I couldnt straighten the knee for 4 months after the cast came off. Diagnosis back then was a bucket handle tear and lcl tear. my conservative ortho surgeon opted for 9 months in a cast with minimal progressive weight bearing with 3 months of torturous PT to follow.
After 4 years, the instability lessened significantly despite my continuing to play ball. The initial arthogram somehow missed the MCL and ACL tears but, here i am 40 yrs later still running, biking and playing tennis, thankful for the conservative approach initially taken and a large dose of good fortune that the knee is still holding together. I appreciate every workout, race, and match knowing im on borrowed time.
Never underestimate how one’s body can adapt regardless of the injury.
Beck
Hey!
I am about 1 year post op on the ACL tear using Patellar Tendon graft. I cannot fully hyperextend my operated knee as much as my other knee. When I try to stand on my operated leg (full weight) and fully extend it/straighten it, I feel pain. Is this considered normal and most likely go away over the next year? Or is this pain an indication that there is something off on the recovery?
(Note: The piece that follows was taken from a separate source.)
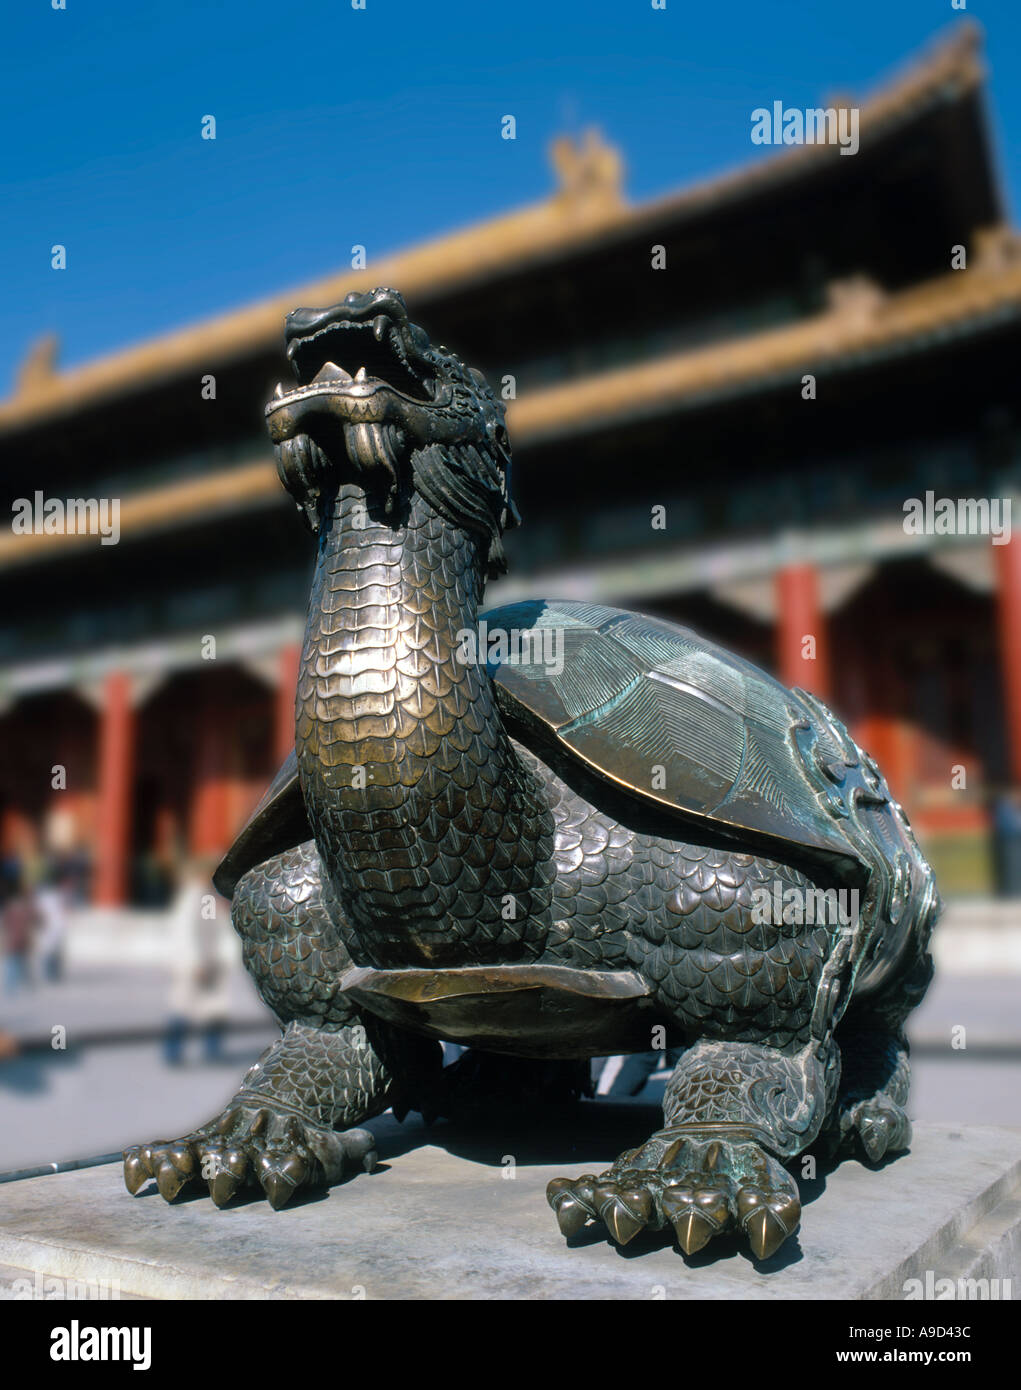 Estatua de bronce de una tortuga con cabeza de dragón en frente del Tai él Dian Hall, el Palacio Imperial, la Ciudad Prohibida, Beijing, China Foto de stock

Please note that I have been really on top of my rehab – I just still have pain when I try to fully straighten the leg.
Thank you!
Howard J. Luks, MD
Hi ..
If you have a loss of extension this far out from surgery and if you have pain at full extension it might be worth discussing whether or not your doctor feels you have a cyclops lesion. A cyclops lesion is a ball of scar that can develop in the front of the knee after ACL surgery. It can block extension and cause pain. There are other causes of loss of extension… They include where the tibial bone tunnel was placed. When knees hyperextend we need to keep that tunnel back far enough to prevent loss of extension after surgery.